Возгласы, донесшиеся из большой гостиной, заставили Трюбло и Октава подойти к дверям. Они увидали входившую даму лет пятидесяти, пышнотелую, но все еще красивую; за ней следовал молодой человек, благопристойный и серьезный с виду.
– Вот как, они уже и визиты наносят вместе! – прошептал Трюбло. – Ну и ну, совсем стыд потеряли!
Это были мадам Дамбревиль и Леон Жоссеран.
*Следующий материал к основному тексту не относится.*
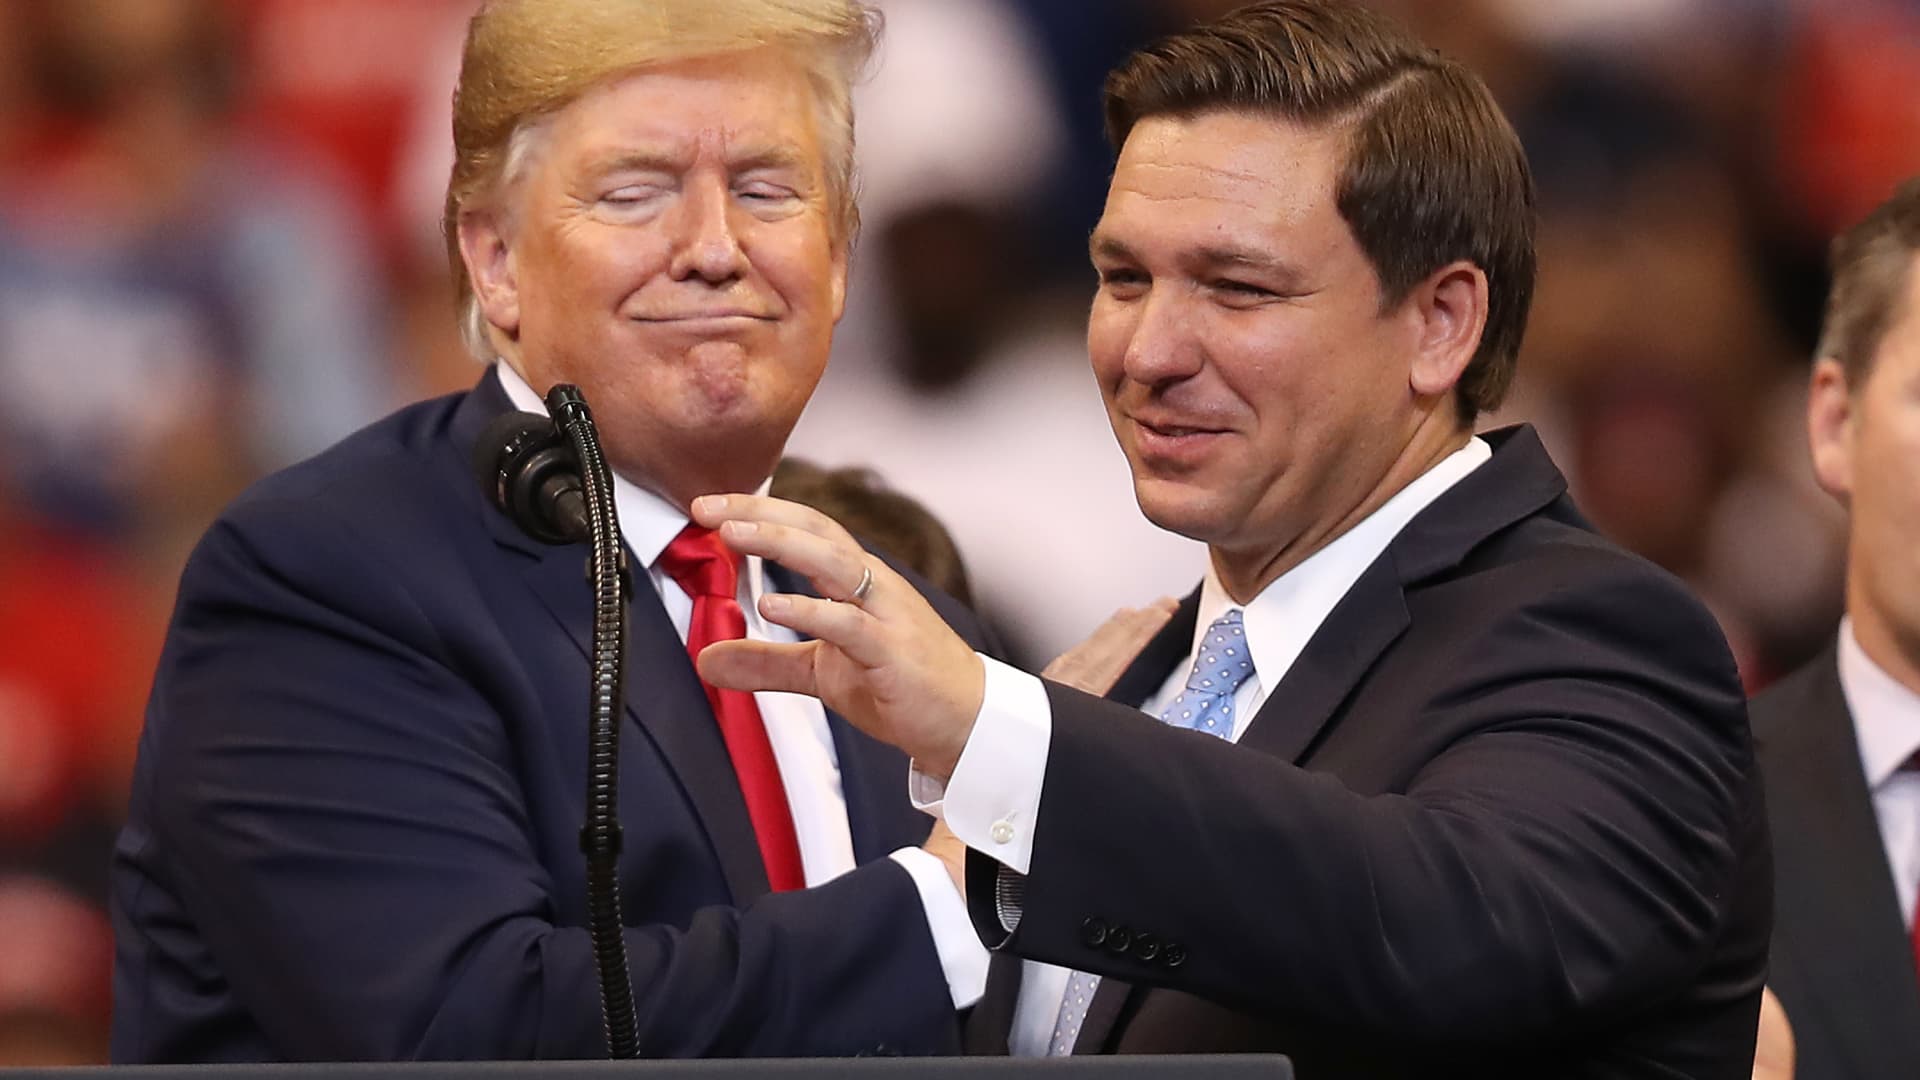 U.S. President Donald Trump introduces Florida Governor Ron DeSantis during a homecoming campaign rally at the BB&T Center on November 26, 2019 in Sunrise, Florida. President Trump continues to campaign for re-election in the 2020 presidential race. 

Она собиралась его женить, но пока что держала при себе; сейчас эта пара переживала медовый месяц и беззастенчиво выставляла свою связь на общее обозрение во всех светских гостиных. Матери девушек на выданье зашептались между собой. Однако Клотильда Дюверье встала и поспешила приветствовать гостью, которая поставляла ей молодых людей для домашних хоровых концертов. Госпожа Жоссеран тут же перехватила у нее мадам Дамбревиль и осыпала ее уверениями в дружеских чувствах, посчитав, что такое знакомство может оказаться полезным. Леон холодно поздоровался с матерью; тем не менее она с самого начала этой связи надеялась, что сын извлечет из нее хоть какую-то пользу.
– Берта еще не видела, что вы пришли, – сказала она мадам Дамбревиль. – Извините ее, она сейчас рассказывает господину Огюсту про одно лекарство, которое может быть для него полезно.
– Ну и прекрасно, оставим их в покое, им хорошо и без нас, – ответила дама, мгновенно оценив ситуацию.
И обе они с материнской заботой взглянули на Берту. Ей удалось загнать Огюста в оконную нишу и удерживать там; она говорила, изящно жестикулируя, а он явно оживлялся, хотя это грозило ему мигренью.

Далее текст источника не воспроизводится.